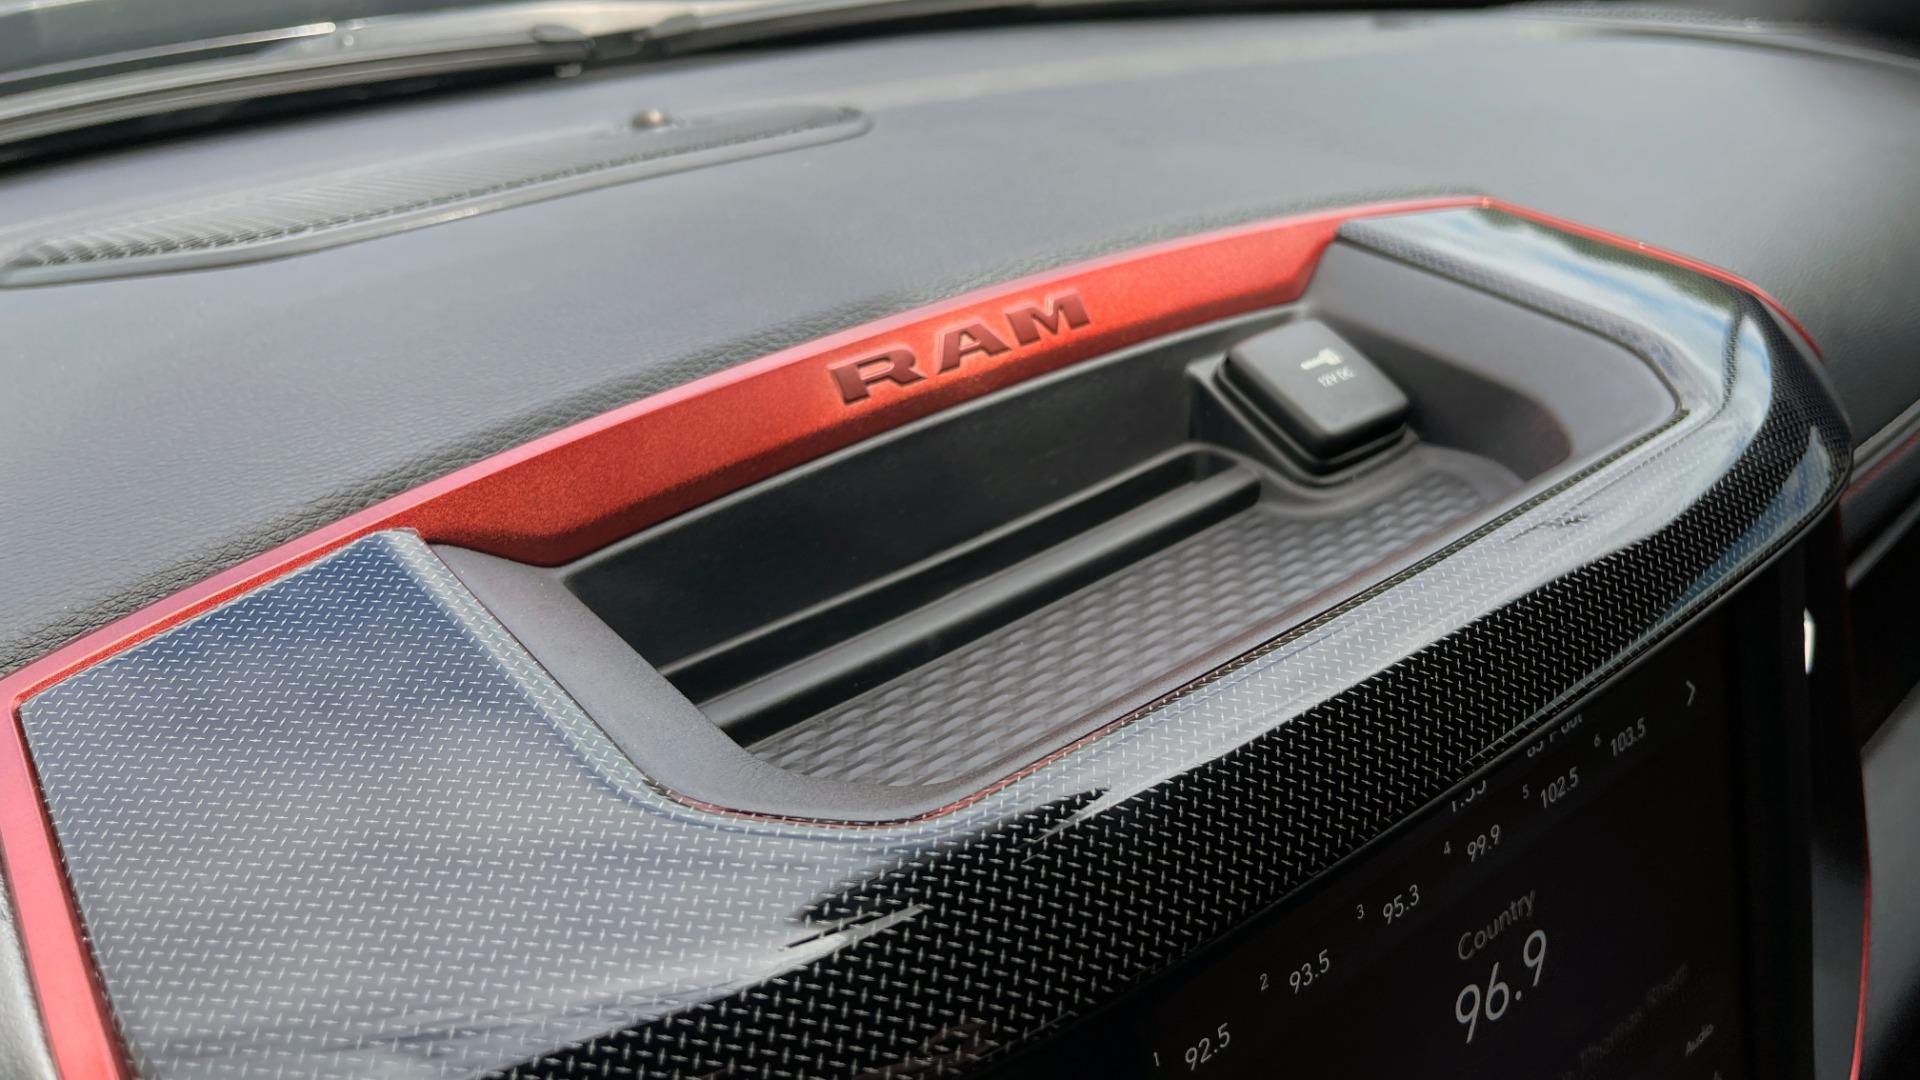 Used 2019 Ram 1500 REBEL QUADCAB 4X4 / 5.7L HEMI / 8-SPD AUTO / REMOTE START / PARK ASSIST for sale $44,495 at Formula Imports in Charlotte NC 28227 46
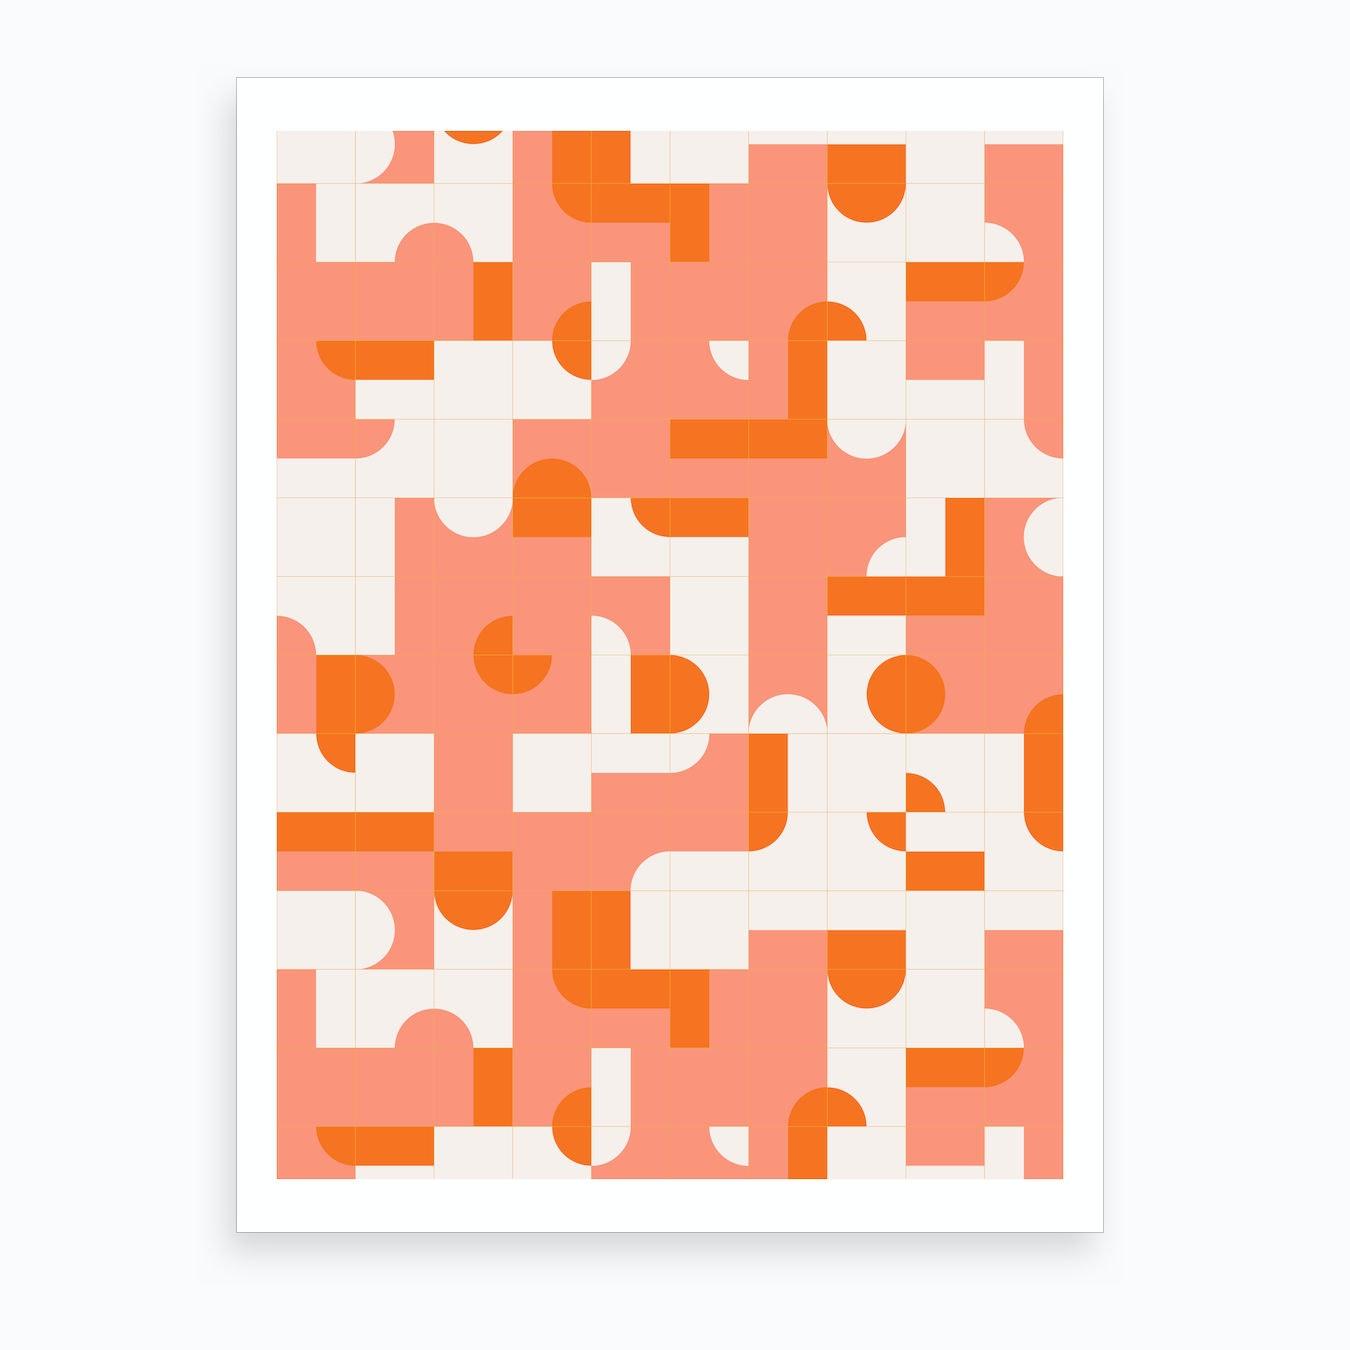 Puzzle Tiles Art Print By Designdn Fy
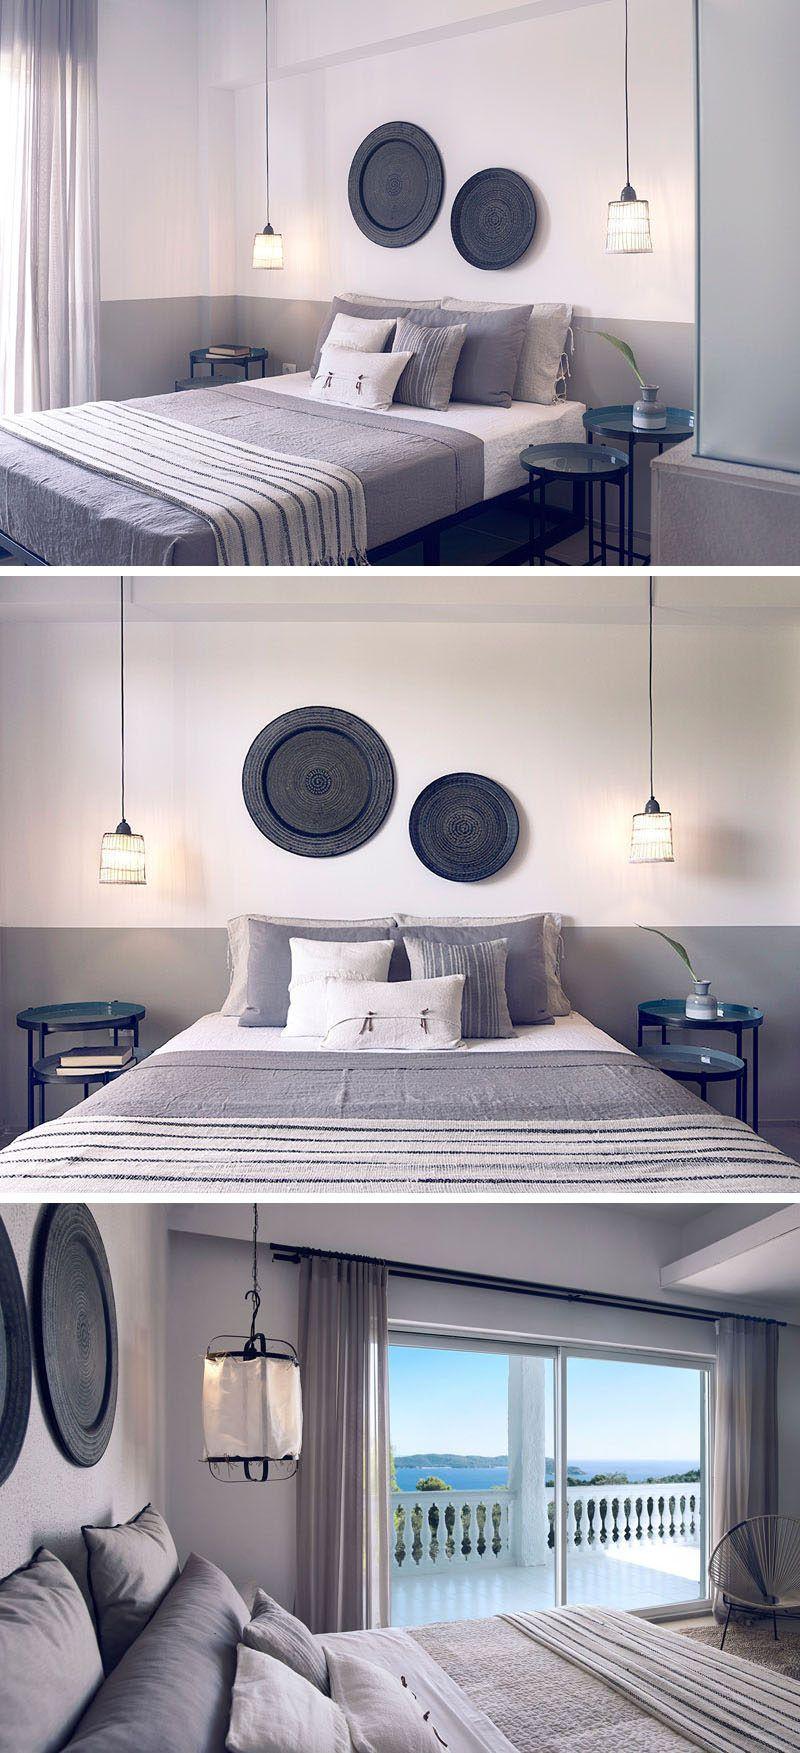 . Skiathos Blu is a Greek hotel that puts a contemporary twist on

● Problem requirements: All of the data above should be transcribed verbatim, with pictures omitted.

● Result of the exercise:
 Used 2019 Ram 1500 REBEL QUADCAB 4X4 / 5.7L HEMI / 8-SPD AUTO / REMOTE START / PARK ASSIST for sale $44,495 at Formula Imports in Charlotte NC 28227 46
 Puzzle Tiles Art Print By Designdn Fy
 . Skiathos Blu is a Greek hotel that puts a contemporary twist on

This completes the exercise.